What is $15^{15} + 16^{16} + 17^{17} + 18^{18} + 19^{19} + 20^{20} \pmod{7}$?

Question

I am trying to evaluate $15^{15} + 16^{16} + 17^{17} + 18^{18} + 19^{19} + 20^{20} \pmod{7}$. I have found that $15^{15} \equiv 1 \pmod{7}$ and that $16^{16} \equiv 2 \pmod{7}$.

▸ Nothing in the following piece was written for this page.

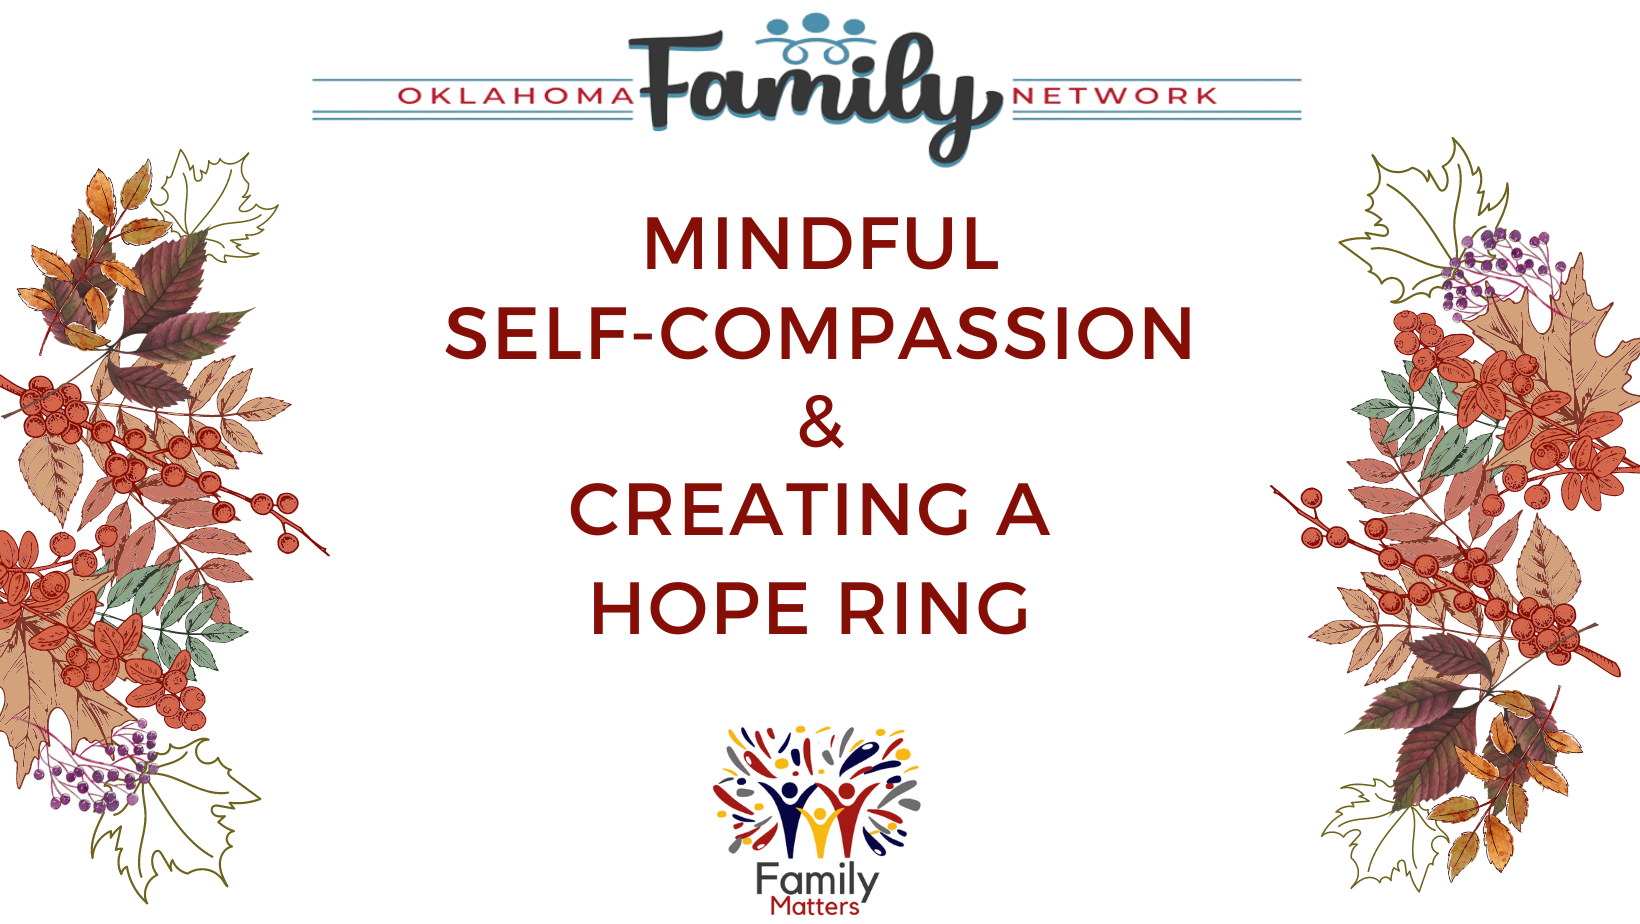 Mindful Self-Compassion and Creating a Hope Ring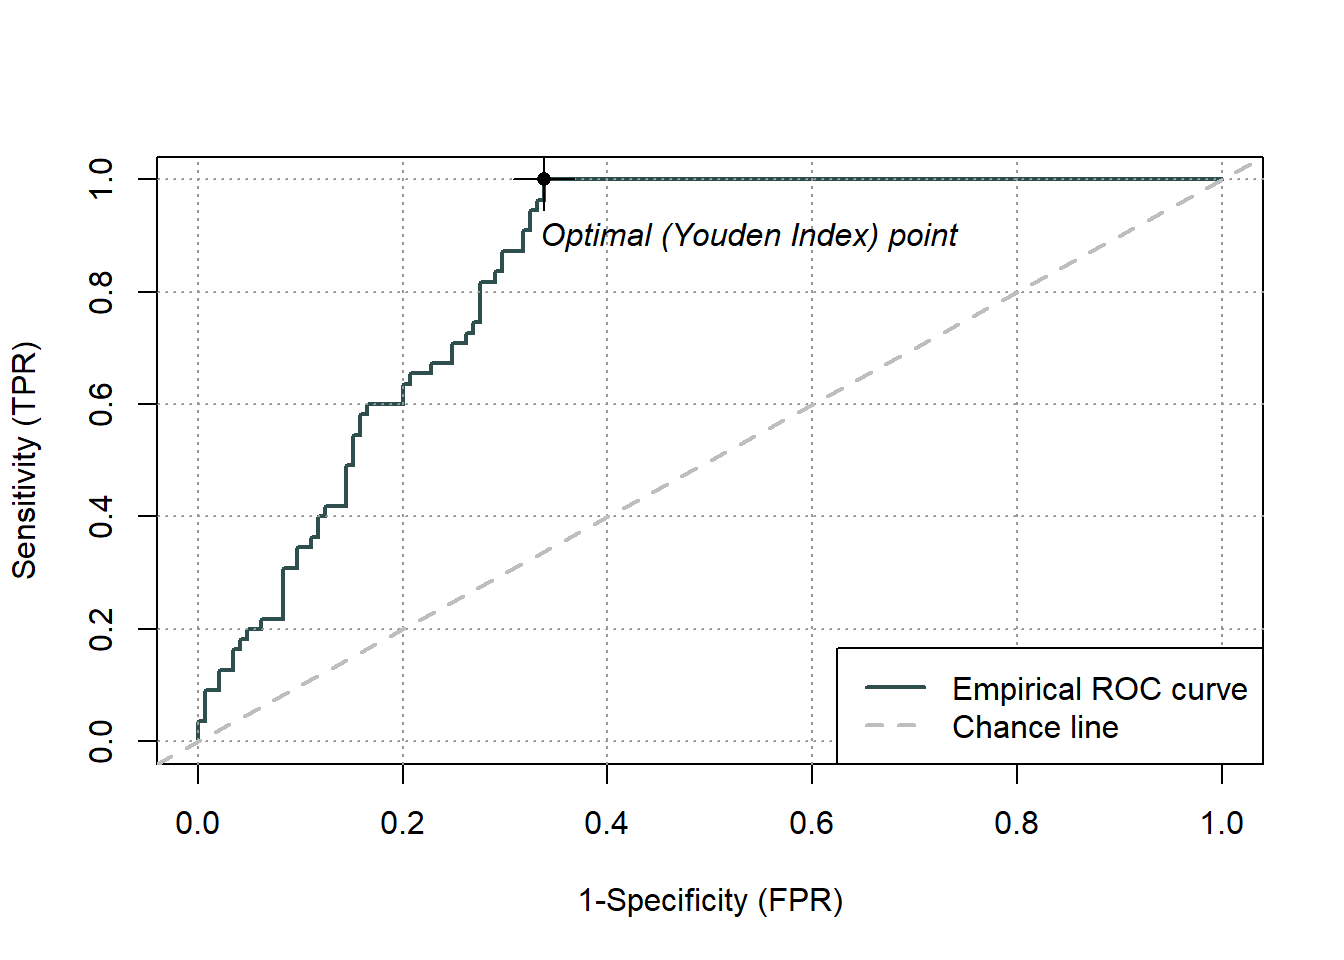 Sensitivity (TPR) ploted versus 1-Specificity (FPR) and the y=x line, where the optimal threshold is also indicated

To evaluate $15^{15} \pmod{17}$, I did the following: $$15 = 2 \times 7 + 1 \equiv 1 \pmod{7}$$ $$15^{15} \equiv 1 \pmod{7}$$

Then, to evaluate $16^{16}$, I wrote: $$16 = 15 + 1 \equiv 1 + 1 = 2 \pmod{7}$$ $$16^{16} \equiv 2^{16} \pmod{7}$$

$$2^{3} = 8 = 7+1 \equiv 1 \pmod{7}$$ $$2^{16} = 2^{3} \times 2^{13} \equiv 2^{13} = 2^{3} \times 2^{10} \equiv 2^{10} \equiv \dots \equiv 2 \pmod{7}$$

Nevertheless, I have not managed to figure out how to evaluate $17^{17}$. How should I go about this and is my overall approach for evaluating the sum in question a good one?

Answer 1

Euler's Theorem states that $$ a^{\phi(n)}\equiv1 \pmod{n}$$ For all $n$, where $\phi(n)$ is the Euler totient function, denoting the number of positive integers less than $n$ relatively prime to $n$. For primes, $\phi(n)=n-1$. Thus $$ a^{n-1}\equiv1\pmod n. $$ This result is also known as Fermat's little theorem. Now, $7$ is prime, so anything to the power of $6$ is congruent to $1$. We have $$\begin{split} &15^{15}+16^{16}+17^{17}+18^{18}+19^{19}+20^{20}\\ \equiv\, & 15^3 + 16^4 + 17^5 + 18^0 + 19^1 + 20^2 \\ \equiv \, & 1^3 + 2^4 + 3^5 + 4^0 + 5^1 + 6^2\\ \equiv\, & 1+16+243+1+5+36\\ \equiv\, & 302\\ \equiv\, & 1\pmod{7}. \end{split}$$

Answer 2

You can go with the same process I think:

$$17^{17} \equiv 3^{17} \mod{7}$$

and we have

$$3^1 \equiv 3 \mod{7}$$ $$3^2 \equiv 2 \mod{7}$$ $$3^3 \equiv 6 \mod{7}$$ $$3^4 \equiv 4 \mod{7}$$ $$3^5 \equiv 5 \mod{7}$$ $$3^6 \equiv 1 \mod{7} \text{ (We could have this by using Fermat's Little Theorem as well)}$$

From here, we can conclude that $3^{17} \equiv 5 \mod{7}$.

Then, notice that

$$18 \equiv 4 \equiv -3 \mod{7}$$ $$19 \equiv 5 \equiv -2 \mod{7}$$ $$20 \equiv 6 \equiv -1 \mod{7}$$ which means you can find other terms by using your previous results for $15,16$ and $17$.

But as suggested on comments, a better way is to use Fermat's Little Theorem.